Early stuff busts decorum, as you noted. But as we go on, don’t the jokes wear thin, morph into a relentless tirade as Portnoy’s “stand up” devolves to a narration of his coming apart leading to his impotence? Isn’t this in his case—case used advisedly— the failure of humour as salve, of what gets us through?
Portnoy is what? Self-obsessed to a neurotic fault, mother-obsessed, sexually lousy with Jewish women, finally impotent in Israel—“tapioca.” So insight, growth, release? I think not. He’s arrested development. What’s his worth? He’s couch-worthy, shrink-worthy.
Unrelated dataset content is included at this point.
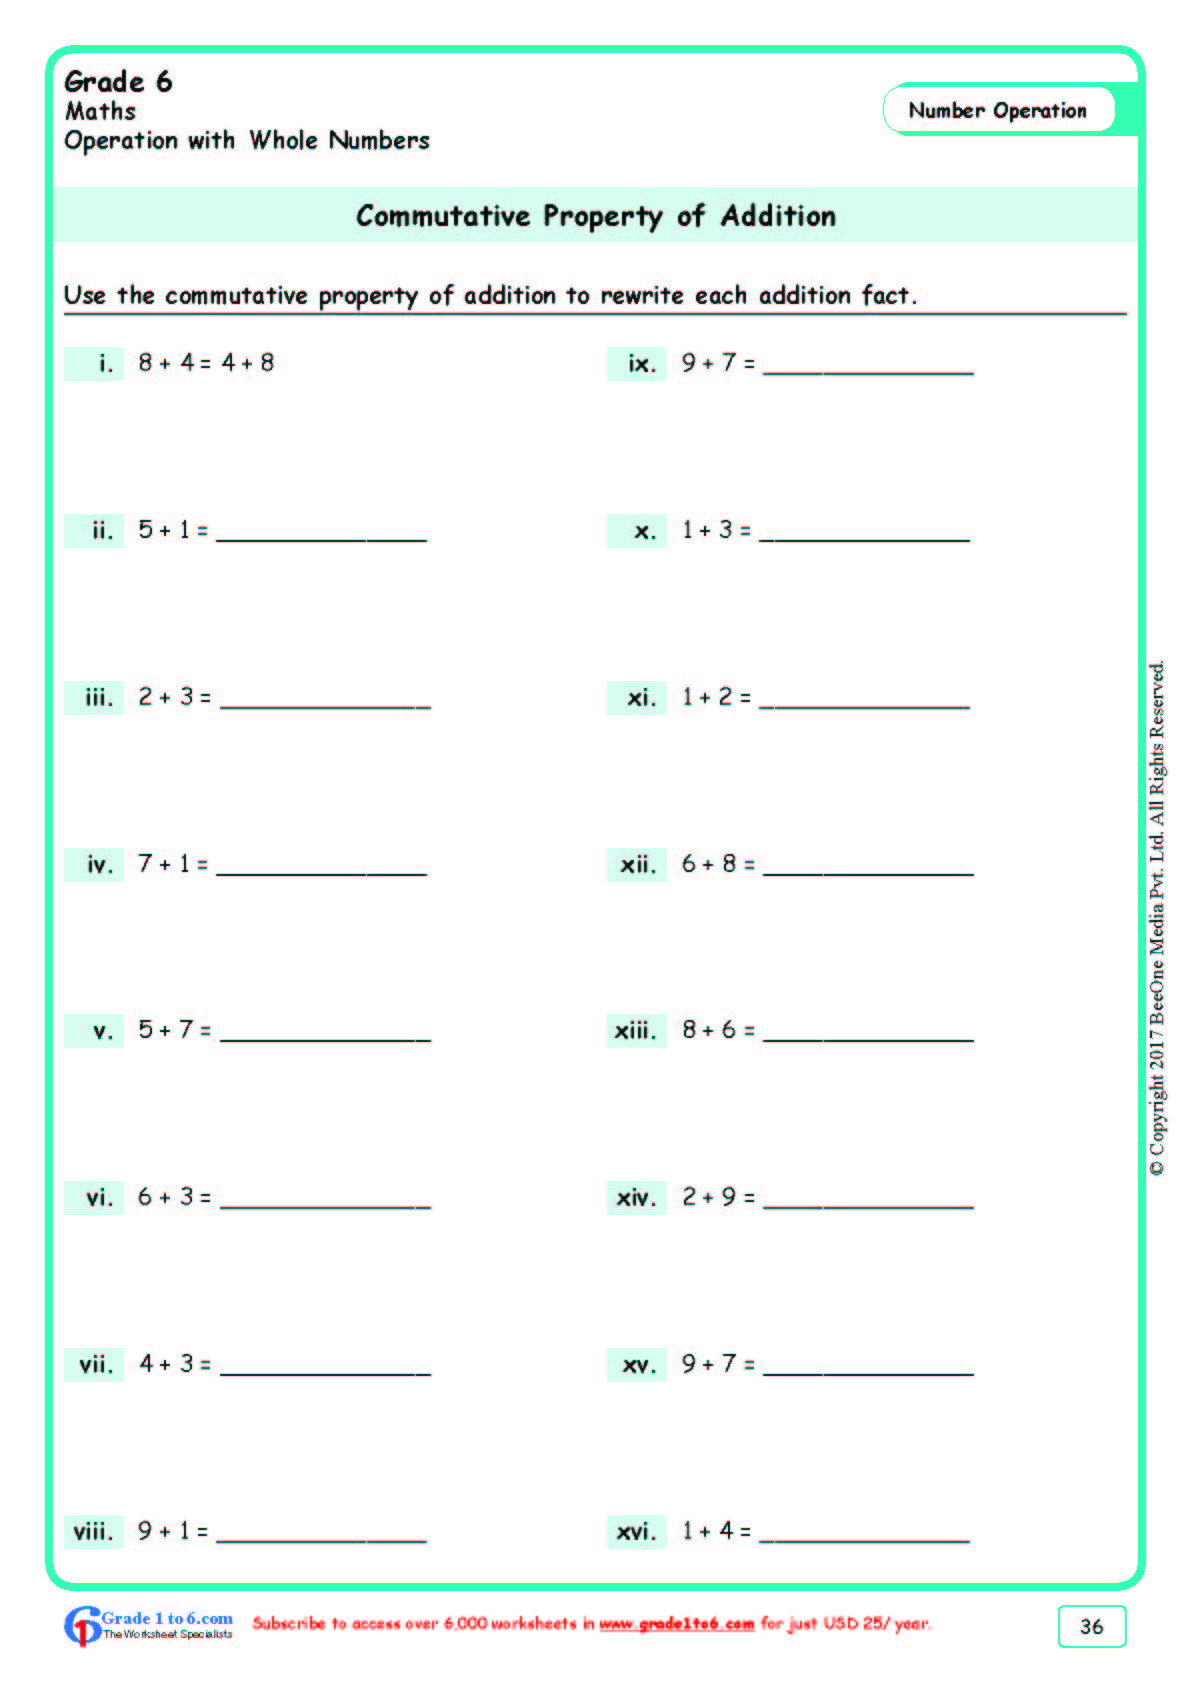 Super Teacher Worksheets Distributive Property Of Multiplication

So my overall sense is that the comedy, the jokes, the verbal fucking around, typically seen the way to get past, get over, bracket, trauma, essentially highlight but can’t resolve what ails him. In the end, the comedy is Portnoy howling.
And what comes after the howling? Paraphrase, “Now vee begin.”
What’s a comic novel, anyway? There are academic definitions galore. But really, maybe cutting through all that, isn’t it one that meant to be light and fun in its effect? Pickwick. Jeeves. We read them joyfully. They delight us. Comedy in a novel in the service of something deeper, darker, more serious, emotionally wrecked, even pathetic, doesn’t make for a comic novel.